Reported by: mikefitzman's profile mikefitzman Owned by: westonruter's profile westonruter
Milestone: 6.9 Priority: normal
Severity: normal Version: 4.2
Component: Database Keywords: has-test-info needs-testing has-patch commit
Focuses: Cc:

Description

Hi guys

I recently discovered what I think is a bug, 'confirmed' by the folks at Brainstorm Force.

As of 26 January, I was suddenly unable to update certain posts and pages in WordPress. When I tried to save, I received the "Updating failed" error, but had made no backend or other changes to spontaneously create this error. I use Gutenberg.

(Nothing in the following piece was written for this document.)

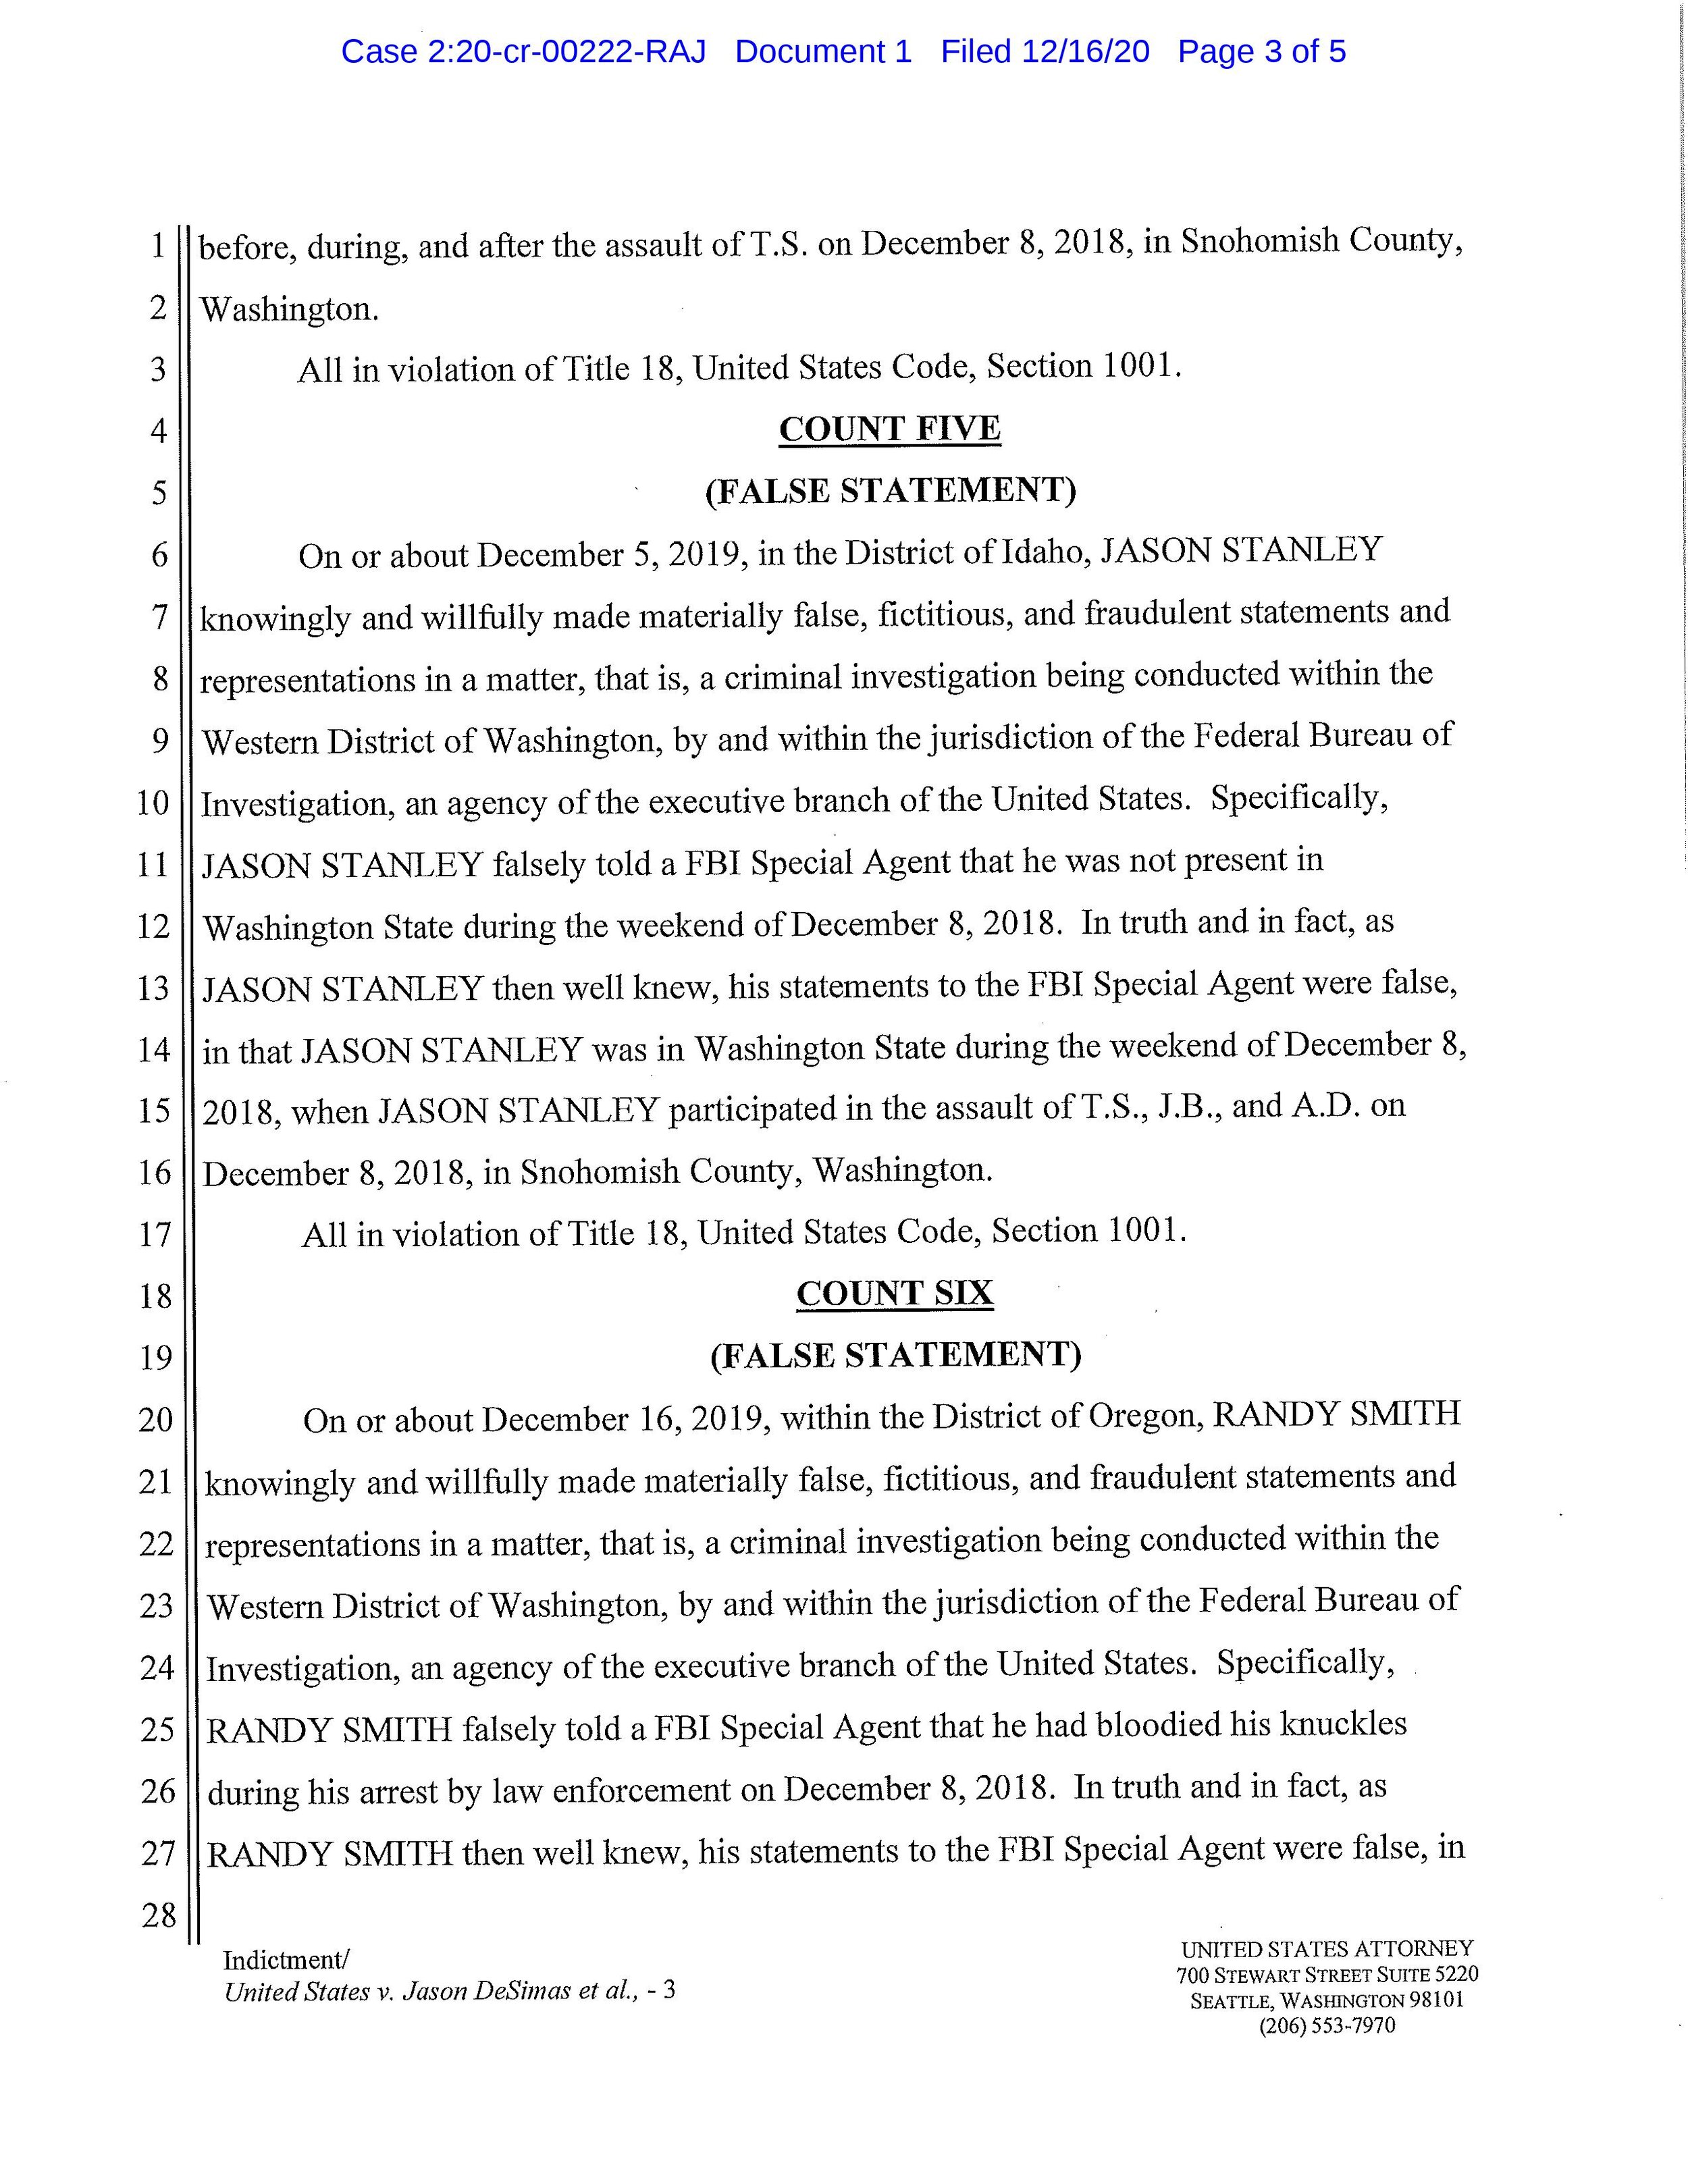 Indictment Page 3

I stumbled across a GitHub thread about someone with a lightning emoji in a post with the same problem. With this in mind, I removed all emojis from the pages and posts that could not save and sure enough, all functionality was restored to normal after doing so. I verified this several times by re-introducing emoijis, which reintroduced the error.

I've reported this to my host, Brainstorm Force (Astra theme devs) and now here. I hope it is of some assistance.

Regards

Mike

liquidaudio.com.au

Change History (26)

#1 @mikefitzman
22 months ago

Sorry, my first post here and suggested by Brainstorm Force. I should add that I tried all suggested troubleshooting including deactivating plugins, clearing caches, checking REST API functionality, confirming database health and checking with my hosting provider.

Mike

#3 @dmsnell
22 months ago

@mikefitzman can you check on which encoding your database is using? if it's storing content with the utf8mb3 encoding then it cannot represent characters which require four bytes in utf8.

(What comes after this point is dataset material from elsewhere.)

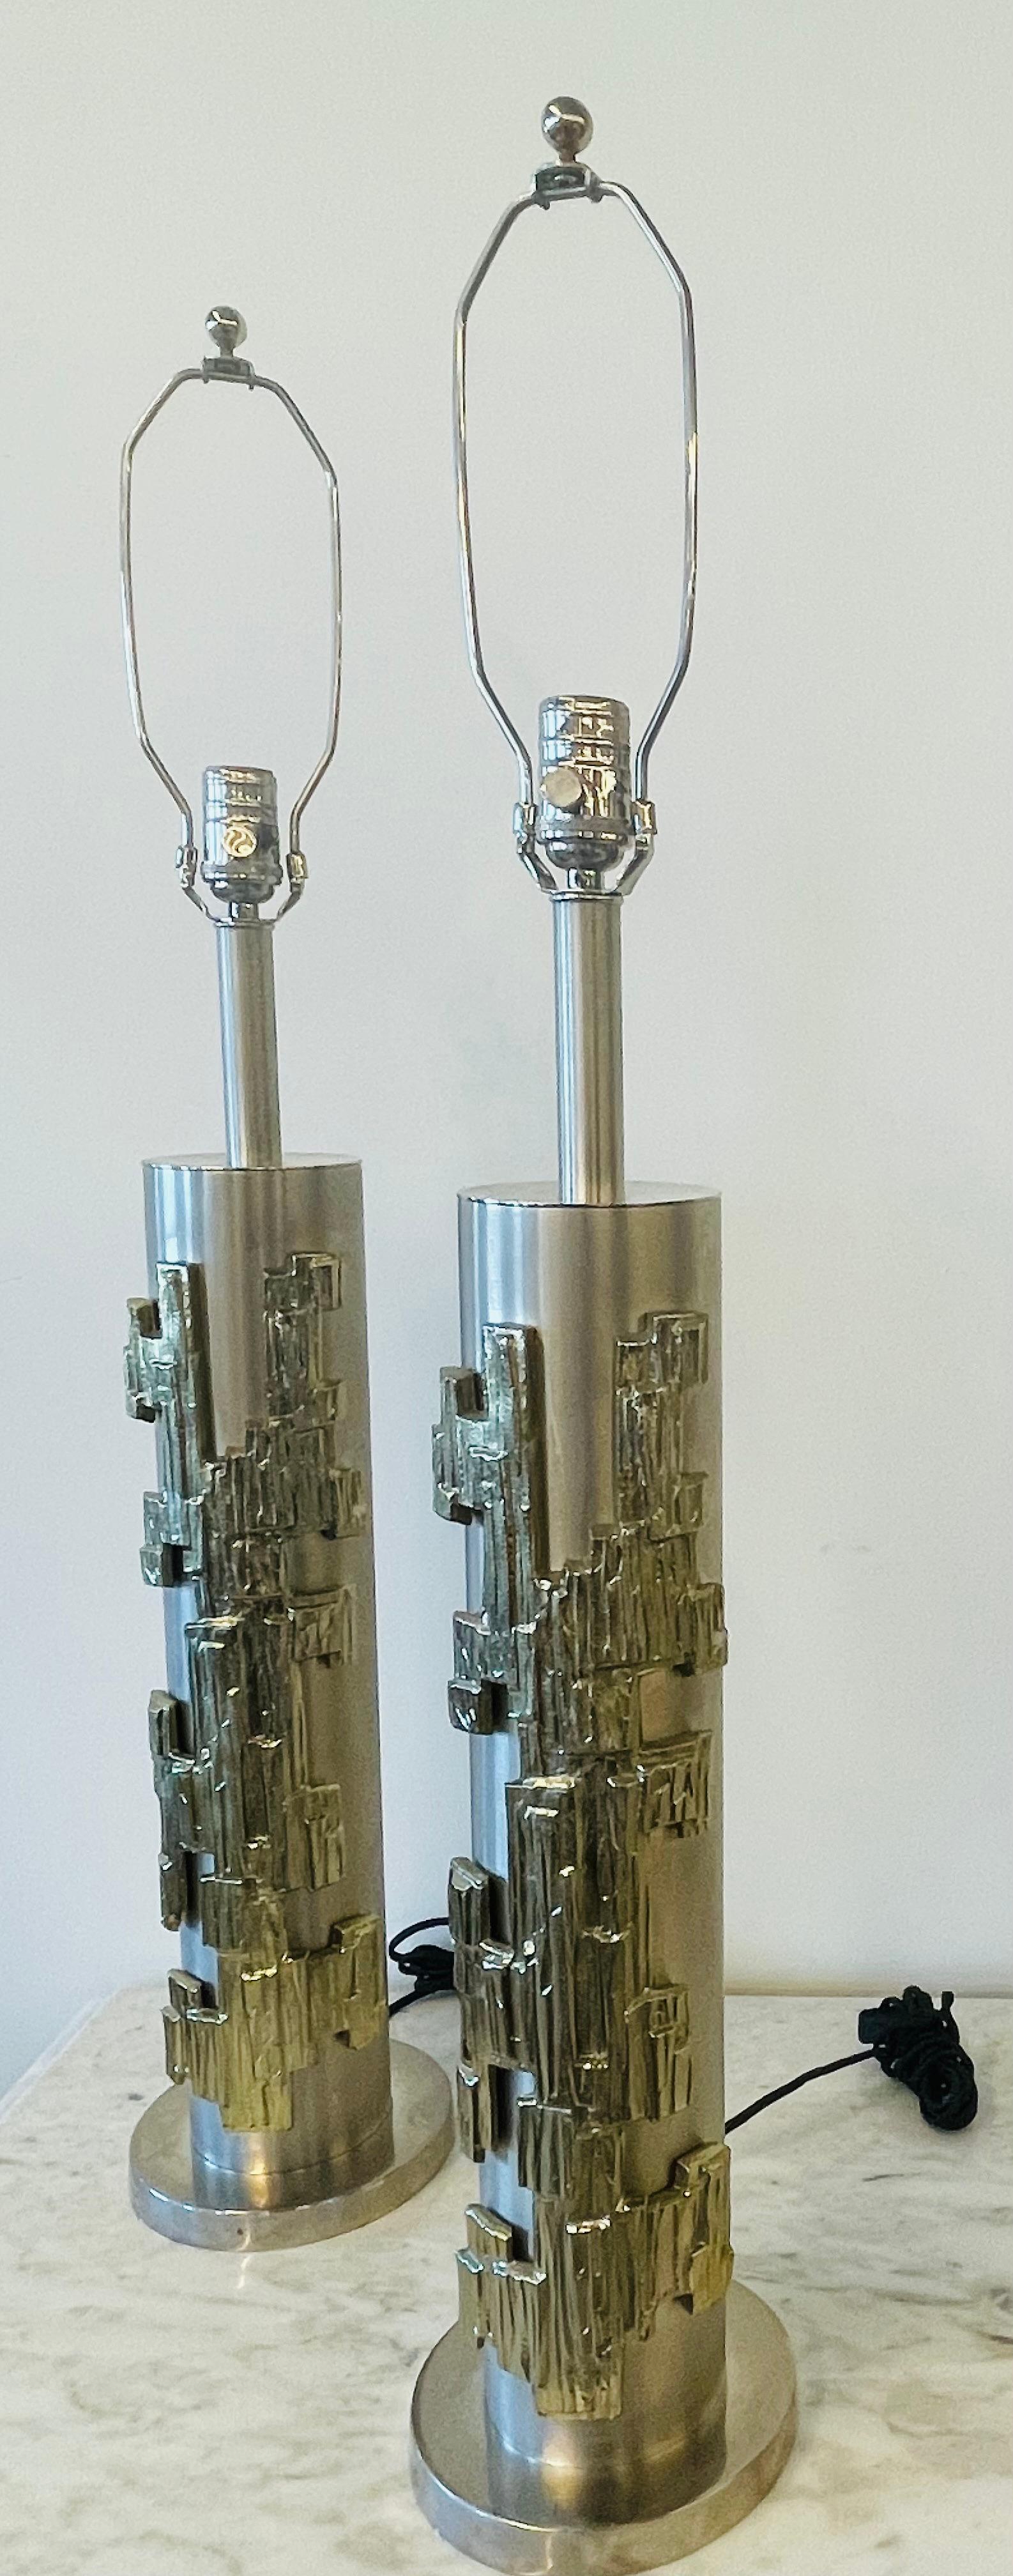 Mid-Century Modern Pair of Modernist Table Lamps, Brushed Nickel and Sculptural Metal, 1970s For Sale

you can test this out indirectly by saving a post separately with each of the following two characters:

  • 😄 (U+1F604) requires four bytes to encode in utf8, this should fail if the database encoding is utf8mb3
  • (U+2684) requires only three bytes to encode in utf8, a post should save with this character in it.

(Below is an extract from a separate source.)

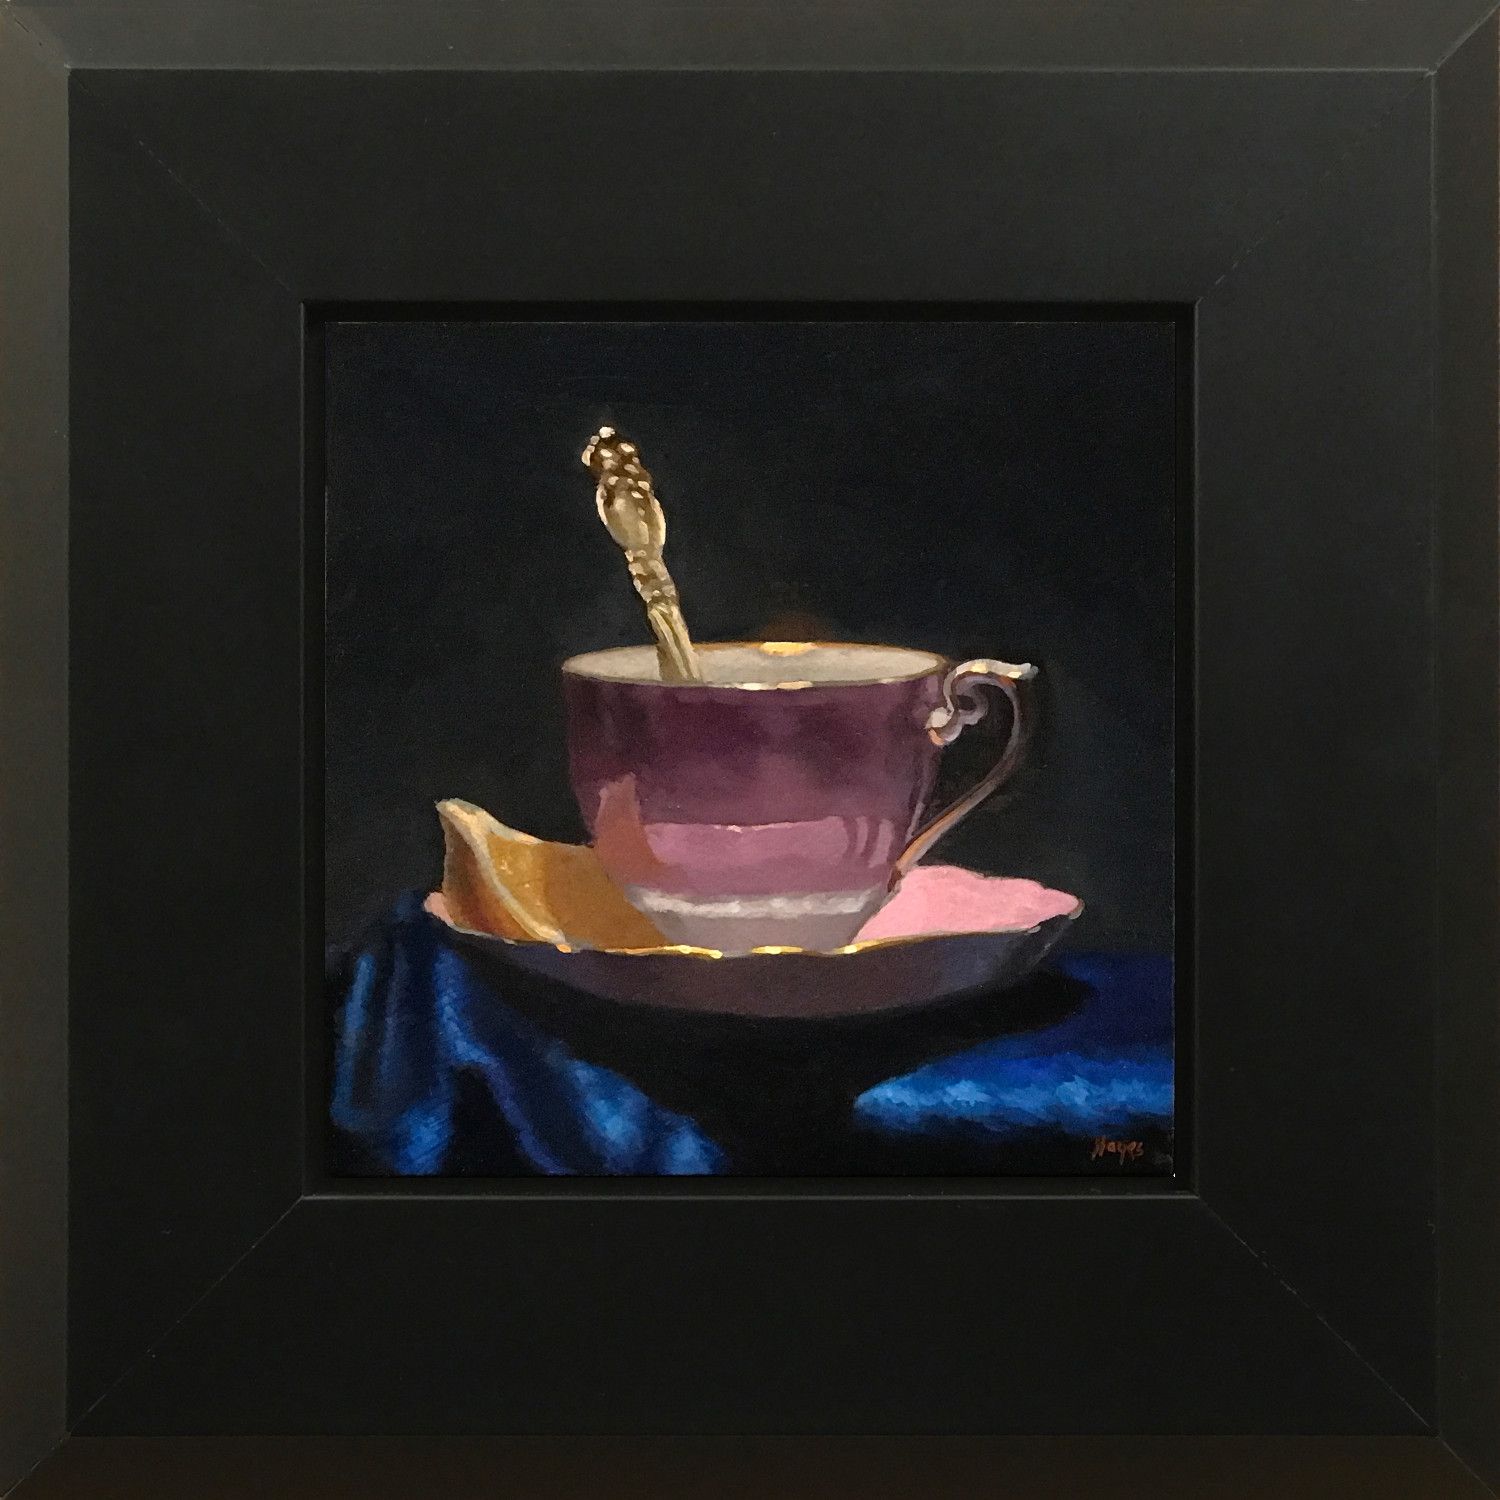 Pink Teacup and Blue Cloth$695

ideally, for many reasons, it would be preferable to store your database content as utf8mb4.

#4 @mikefitzman
22 months ago

@dmsnell Great suggestion, I've completed the test and cannot save posts containing the '😄'. Posts containing the other '⚄' character save normally. I'm wondering why my ability to save these 4-byte emojis changed overnight. I've had them in posts for a decade or more.

Mike

#5 @dmsnell
22 months ago

@mikefitzman you will want to figure out how to convert your database into utf8mb4. it's possible, though unlikely, that in the past those were being stored as their HTML numeric character references. For example, U+1F604 can be saved in HTML using only basic ASCII characters as 😄 or as 😄.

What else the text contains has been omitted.